YOUR TASK: Set the data below down again, exactly, with every picture left out.

INFORMATION SHOWN:
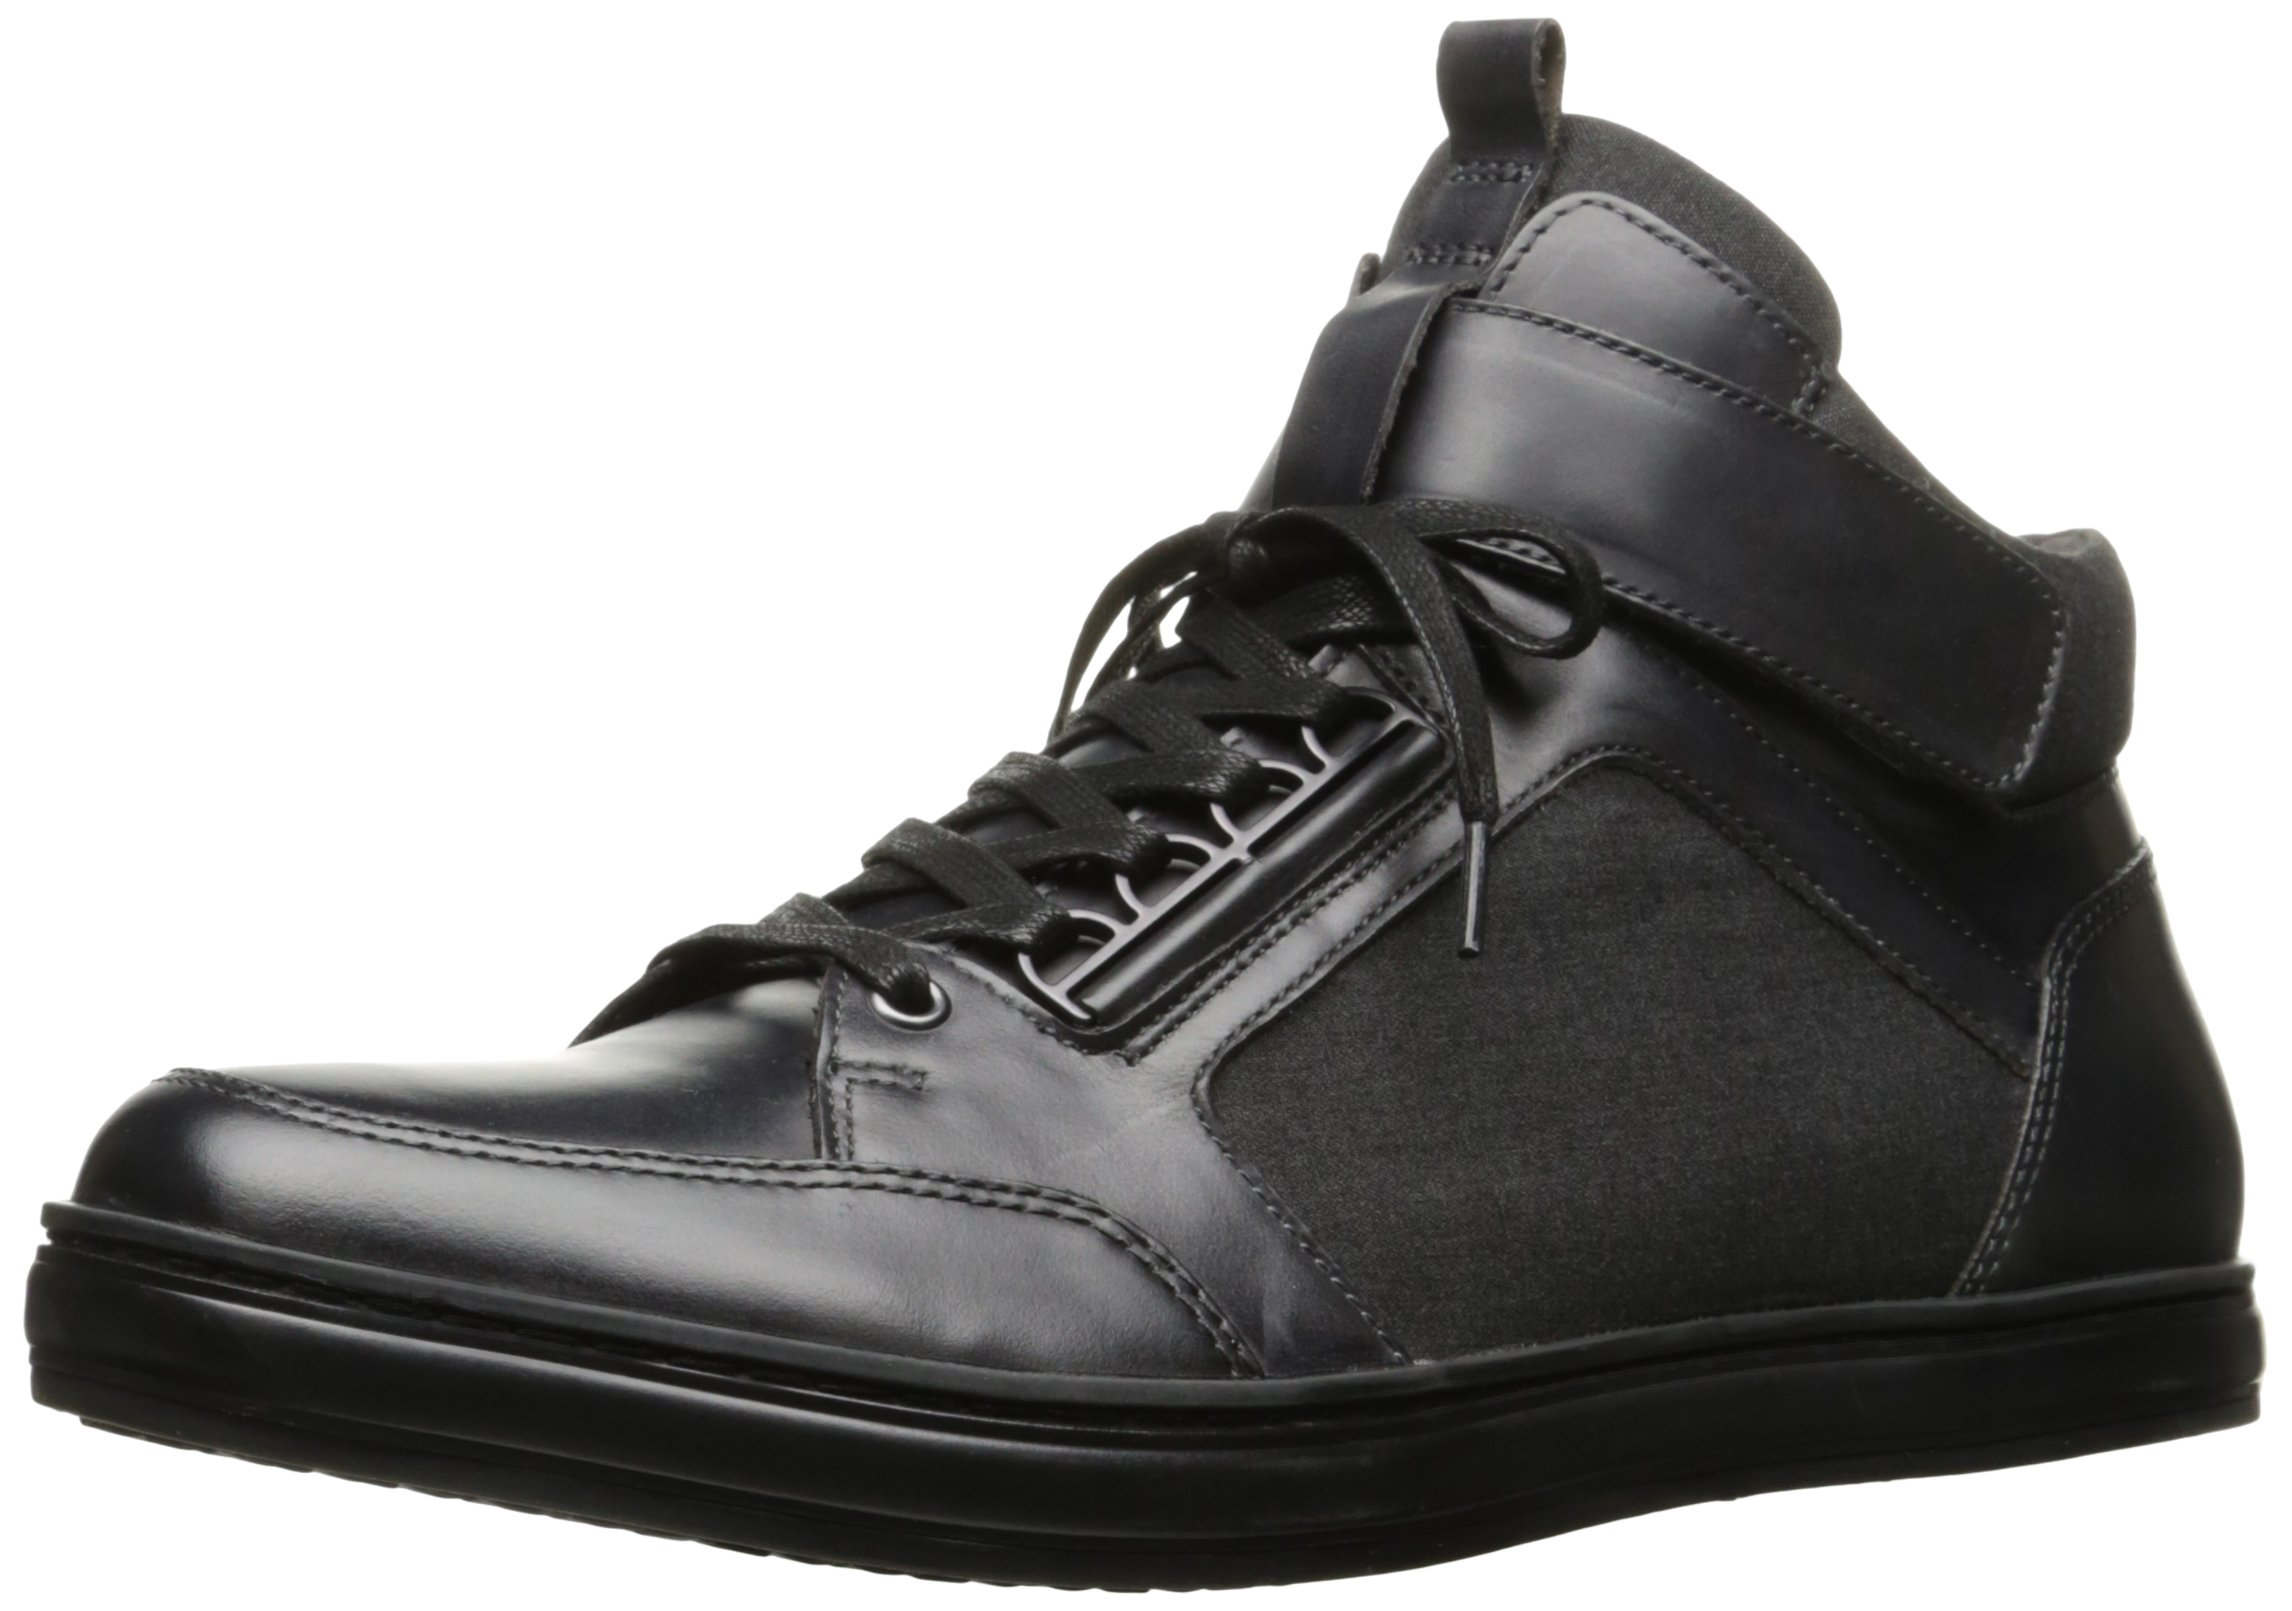 Kenneth Cole New York Men's Brand-y 2D Fashion Sneaker, Grey, 9.5 M US
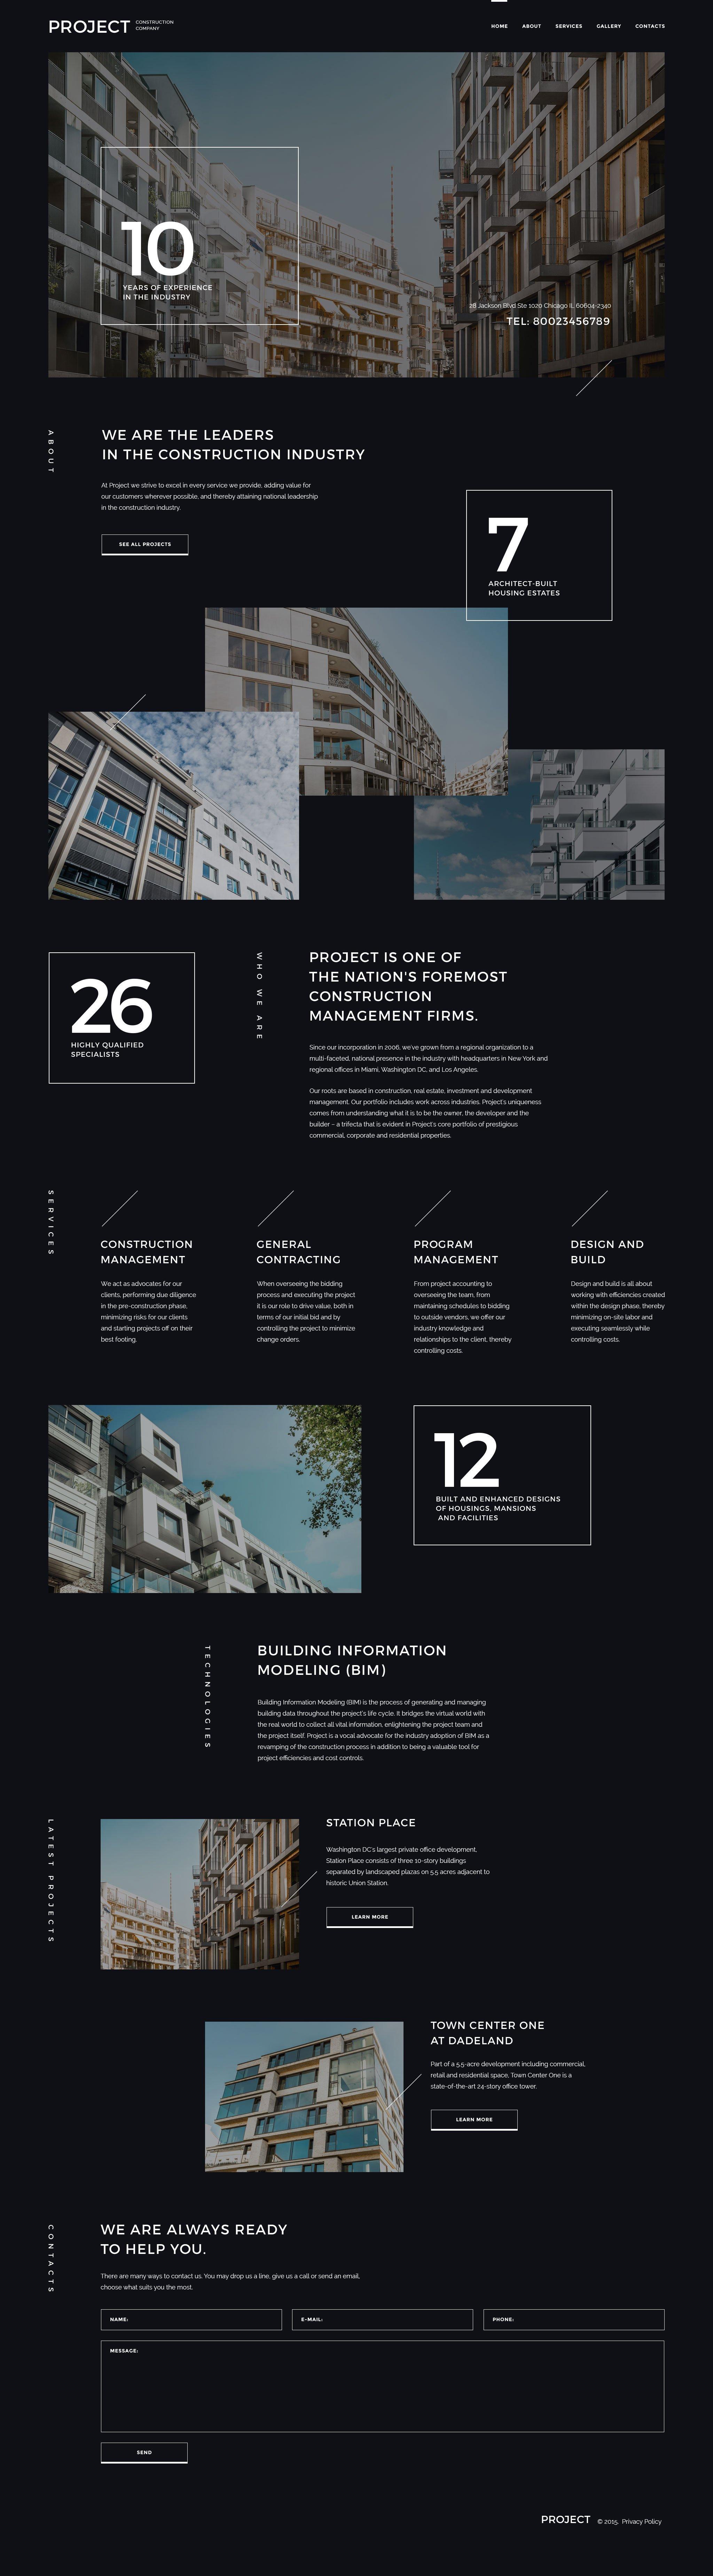 Project Construction Company Template Web №57947 - screenshot
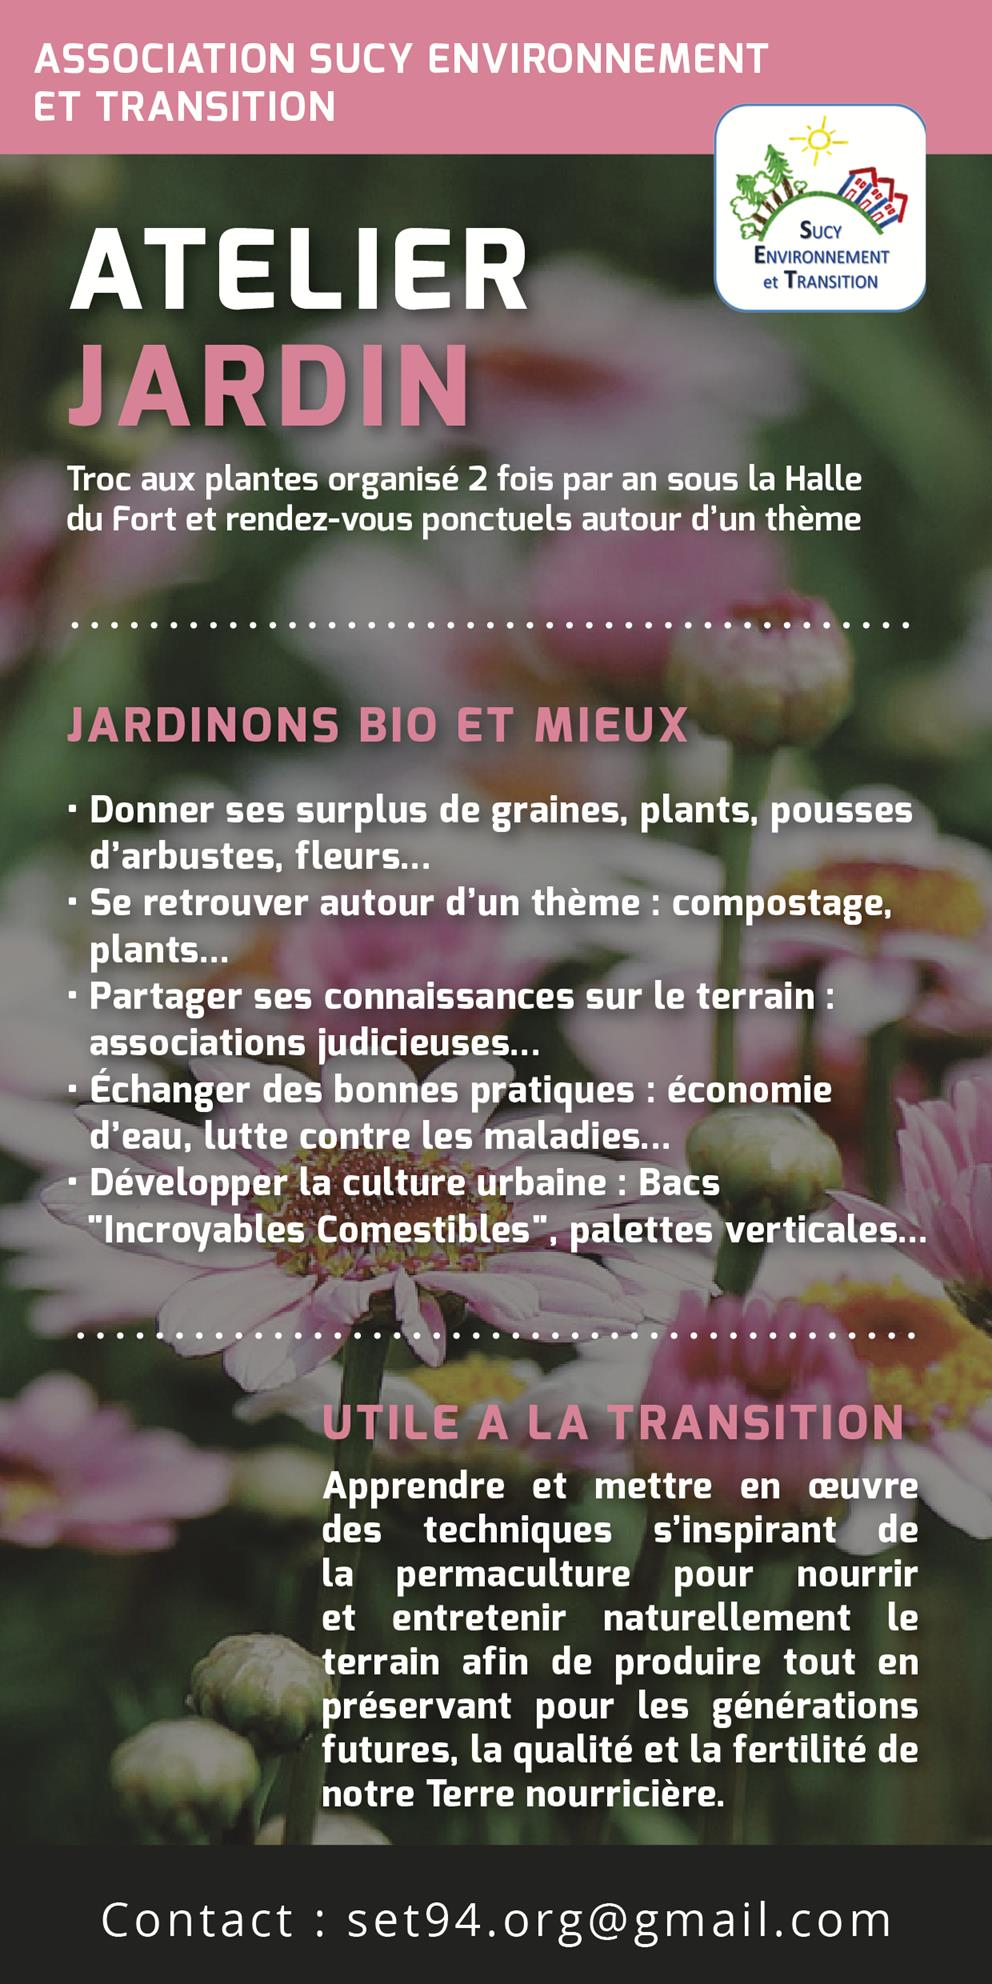 Atelier_Jardin (Copy)

ANSWER TO THE EXERCISE:
 Kenneth Cole New York Men's Brand-y 2D Fashion Sneaker, Grey, 9.5 M US
 Project Construction Company Template Web №57947 - screenshot
 Atelier_Jardin (Copy)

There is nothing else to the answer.